本發明係可以廣泛對於顯示面板的廢棄物以及靶材進行回收,尤其是例氧化鎵鋅(GZO, Gallium Zinc Oxide)和氧化銦鎵鋅(IGZO, Indium Gallium Zinc Oxide)等靶材。亦不限於此類靶材,本發明出可以先以浸出用硝酸目標並單獨提取前揭銦、鎵和鋅。然後再以二個步驟分別去進一步提取,在第一步驟中,銦是通過有機磷酸類物(較佳為濃度0.010-0.025mol/L之2-乙基己基磷酸(D2EHPA)加煤油,控制進行使得鎵和鋅留在銦被提取後再進行萃取,然後在第二步驟中以有機磷酸類物(較佳為濃度0.010-0.02mol/L之2-乙基己基磷酸(D2EHPA)加煤油將提取,然後通過鹽酸分別反萃取。分離後再將分別再循環並通過沉澱和煅燒,將銦、鎵、鋅以金屬氧化物之形式回收,並行資源再利用,最終之金屬回收率可高達99.9%。本發明主要對於同時含有銦、鎵和鋅之廢棄物進行回收,作業上能夠一體考量。
而值得說明的是,本發明之步驟並非簡易之酸解、化學沉澱等複合,更利用溶媒萃取技術,在以化學反應方法以外複合介面萃取(所謂高度選擇性),更有效率地提升金屬離子之分離效果;產出並純化產物。In view of the problems of the prior art, the inventors believe that there should be a method for extracting such metals from wastes containing indium, gallium and zinc, the steps including at least:
(1). Select wastes containing indium, gallium and zinc;
(2) leaching with a mineral acid and deionized water; obtaining a leach solution containing indium, gallium and zinc;
(3) In the first stage, the leachate is extracted by extracting the leachate with an organic phosphate and kerosene mixture; the organic phase containing the indium is extracted; and the raffinate containing gallium and zinc is left in the aqueous phase;
(4). In the second stage, the raffinate is extracted by a mixture of organic phosphoric acid and kerosene, and the organic phase containing the gallium is extracted; the remaining is a zinc-containing acid solution;
(5). For the oil phase indium containing organic matter and the oil phase gallium containing organic matter, respectively, back extraction with a mineral acid to obtain an indium containing acid solution and a gallium containing acid solution;
(6) chemically precipitating an indium-containing acid solution, a gallium-containing acid solution, and a zinc-containing acid solution with an alkaline substance;
(7). The chemical precipitates of the 6 steps were respectively calcined to obtain In 2 O 3 , Ga 2 O 3 and ZnO.

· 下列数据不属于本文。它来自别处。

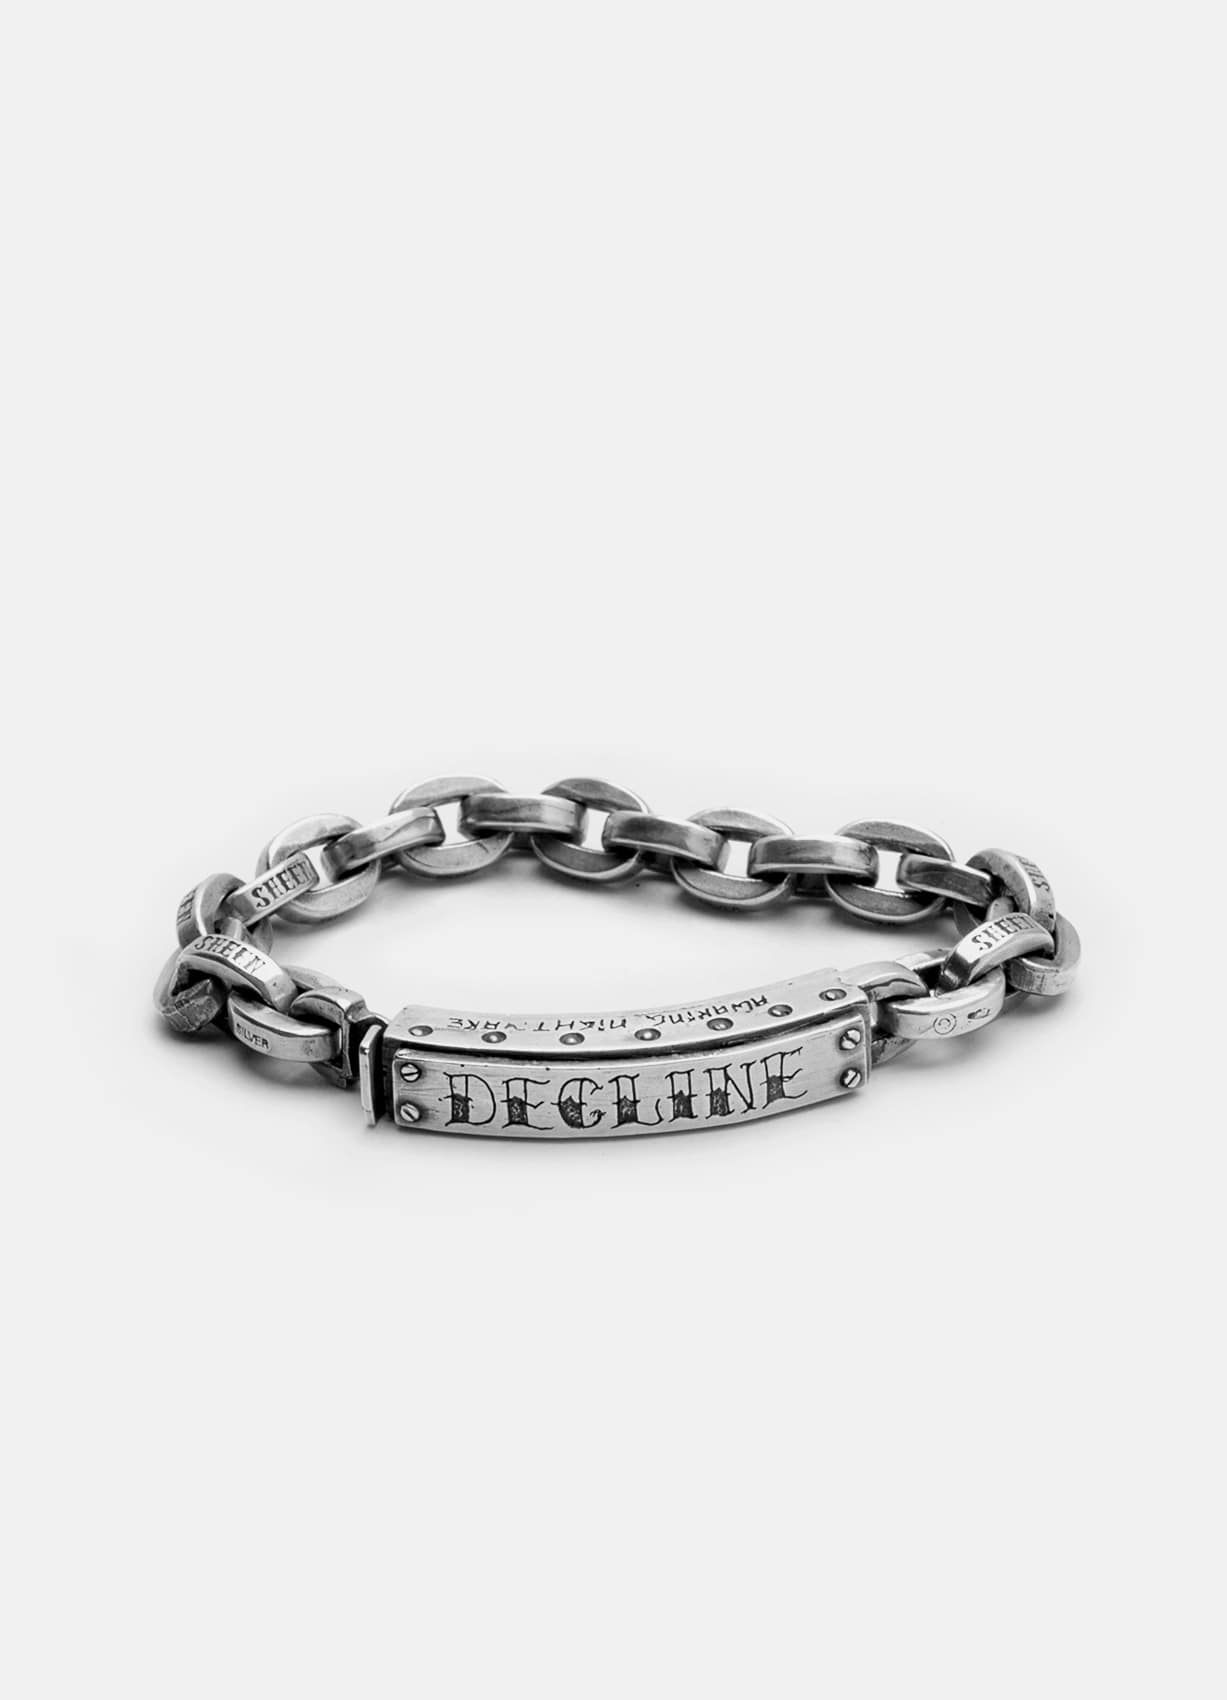 Decline 505 Silver Bracelet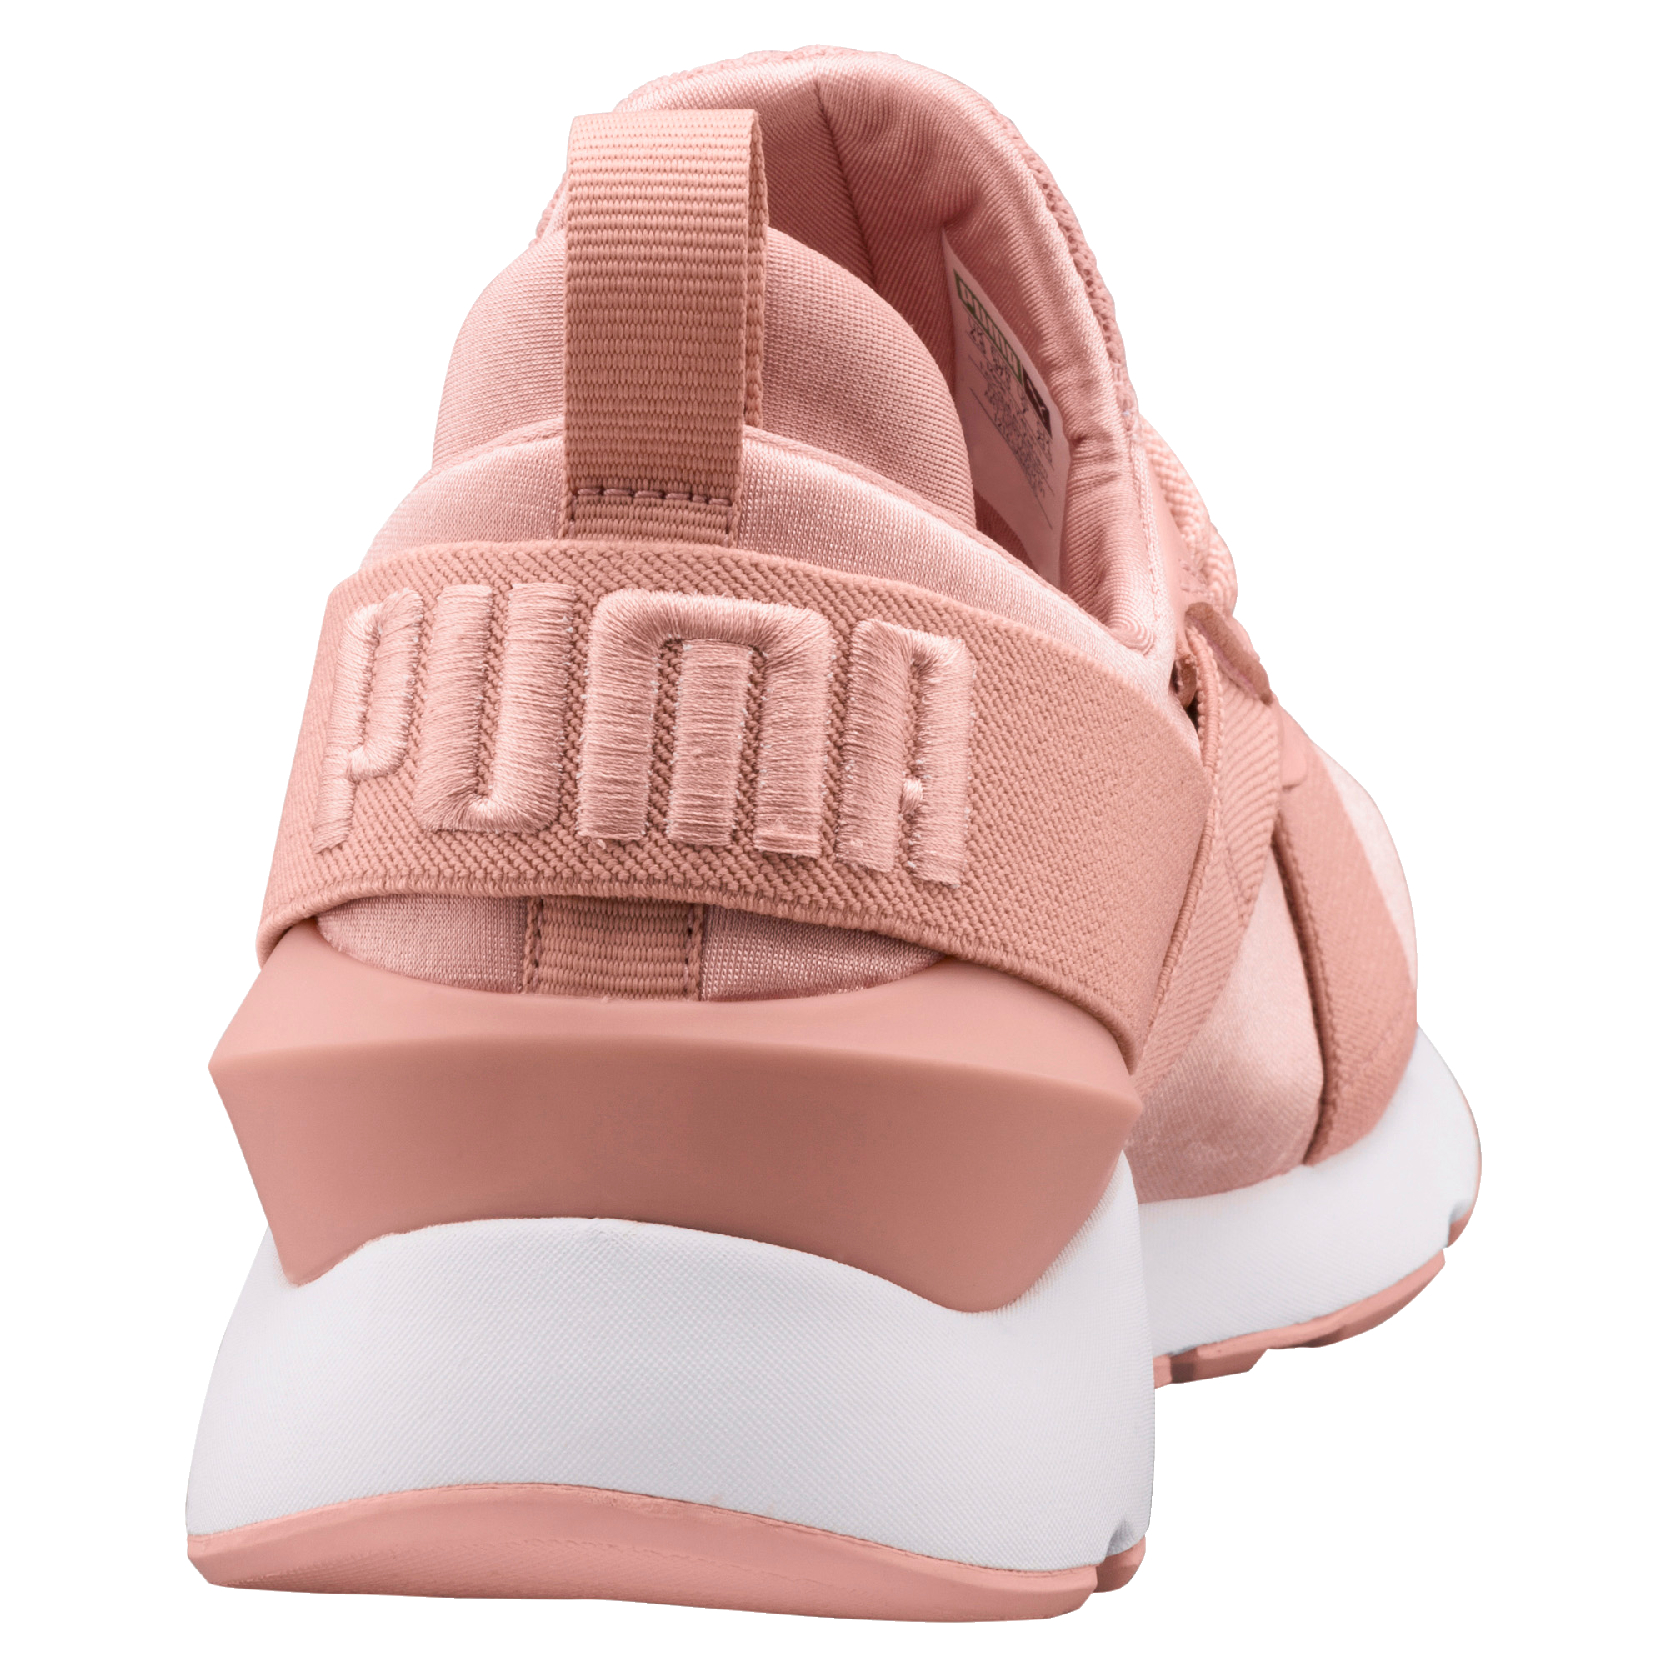 puma 2018 foot locker

In the present invention, wastes and targets of the display panel can be widely recovered, and in particular, targets such as gallium zinc oxide (GZO, Gallium Zinc Oxide) and indium gallium zinc oxide (IGZO, Indium Gallium Zinc Oxide) are used. It is not limited to such a target, and the present invention can first extract the indium, gallium and zinc by leaching with a nitric acid target and separately extracting it. Then, the extraction is further carried out in two steps. In the first step, the indium is controlled by adding an organic phosphoric acid (preferably a concentration of 0.010-0.025 mol/L of 2-ethylhexylphosphoric acid (D2EHPA) plus kerosene. The gallium and zinc are left to be extracted after the indium is extracted, and then extracted in the second step with an organic phosphoric acid (preferably a concentration of 0.010-0.02 mol/L of 2-ethylhexylphosphoric acid (D2EHPA) plus kerosene). Then, it is separately back-extracted by hydrochloric acid. After separation, it is separately recycled and precipitated and calcined, and indium, gallium, and zinc are recovered as metal oxides, and the resources are reused in parallel, and the final metal recovery rate can be as high as 99.9%. The invention mainly recovers wastes containing both indium, gallium and zinc, and can be integrated into the operation.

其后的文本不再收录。